Tripman: Isn’t it this human society that we live in? I both loathe and love it. And the existence of time makes me feel like I am ten different people. I cannot exist in this way. I have gathered too much knowledge about what it means to exist. So much that I feel it will consume me.
Waterman: What shall we do about it now, Tripman?
Tripman: Can you not see the whisky in my hand? Humor and the high plane is my answer, my friends. It is in humor that I have found at least a tiny degree of sanity that can help me stand on my feet.
Waterman: Whisky and humor cannot save you my friend. And, neither can they save our author. Even if this world is undeniably an illusion, an escapist attitude implies that it is real and something to be escaped from.
Tripman: Whisky is not an escape, my friend. And neither are the fruits of the earth an escape. They are blessings from the gods to aid men when they dally with the darkness in their souls.

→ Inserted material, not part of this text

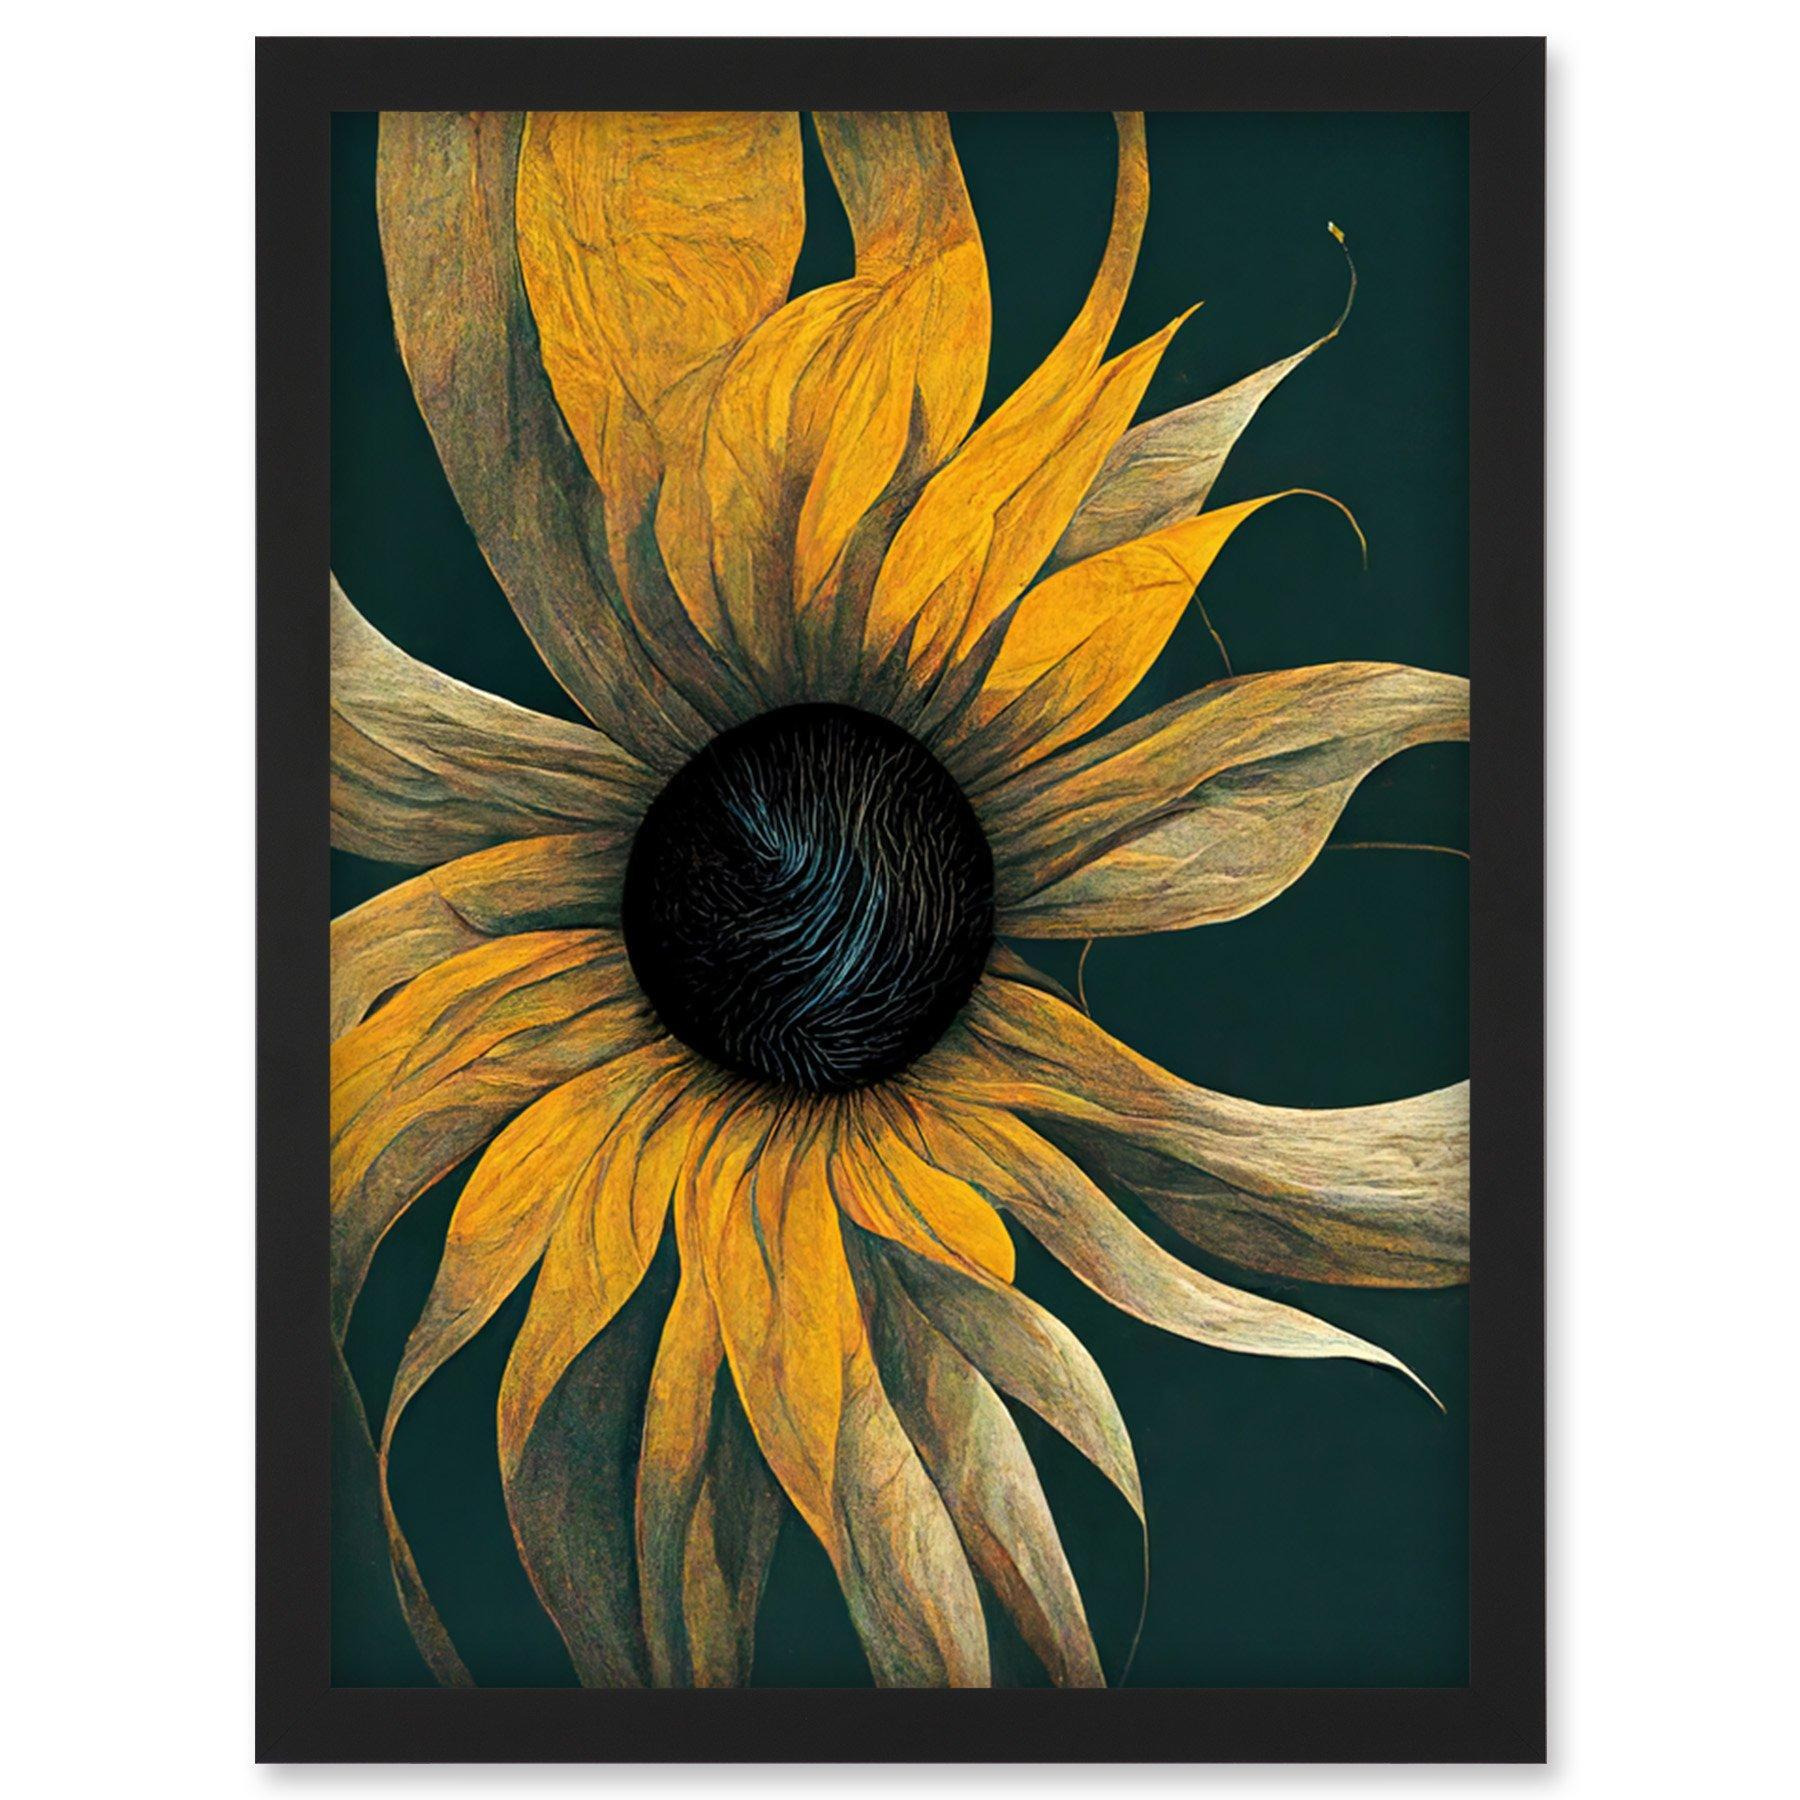 Abstract Modern Sunflower Black Yellow Artwork Framed Wall Art Print A4 - image 1

Brickman: I am beginning to feel that you are not sincere at all in your search for truth, my friend.
Tripman: And at which instant did you first feel that I was sincere?
Brickman: What then, are we to leave our author, our creator to burn in his distress? Are we to leave him to manage his hypocrisy with drunken sleep and candlelit dinners with pretty girls by the oceanside? For how long can we escape the agitation that lurks in the heart?
Waterman: Perhaps, it is only right to adopt the attitude of escapism to allow our hearts to rest awhile, my friend. Man is after all an inferior creature before the glory of the cosmos.
Brickman: I beg to differ. The glory of man lies in the fact that he has the ability to contain the vastness of existence in the smallness of his intellect.
Waterman: The intellect only contains an idea of the real vastness.
Tripman: Waterman is right. But then, neither of us can deny that man is the sweetheart of mother nature. But such a judgment cannot be held valid when we as men make it ourselves. However, I do find it special that as a man, I can be aware of such a thing as hypocrisy.
Waterman: Is it better then to be aware of one’s hypocrisy rather than simply being hypocritical?
Tripman: Perhaps, it is my friend. Maybe that was our gift all along. To be aware of the things that torment us.
Brickman: And is this awareness stained by the things that is becomes aware of?
Tripman: The purity of white cloth is easily stained by the weakest dye.
Brickman: How is it then that this awareness is a gift?
Tripman: You see, we are aware that we are aware.
Brickman: Who is it then that is aware of awareness?
Tripman: Who is asking the question?
Brickman: You have changed the direction of my enquiry, Tripman.
Waterman: Perhaps, this new direction might lead us into a more silent place.
Tripman: Perhaps. It seems like our author has found solace; at least for now.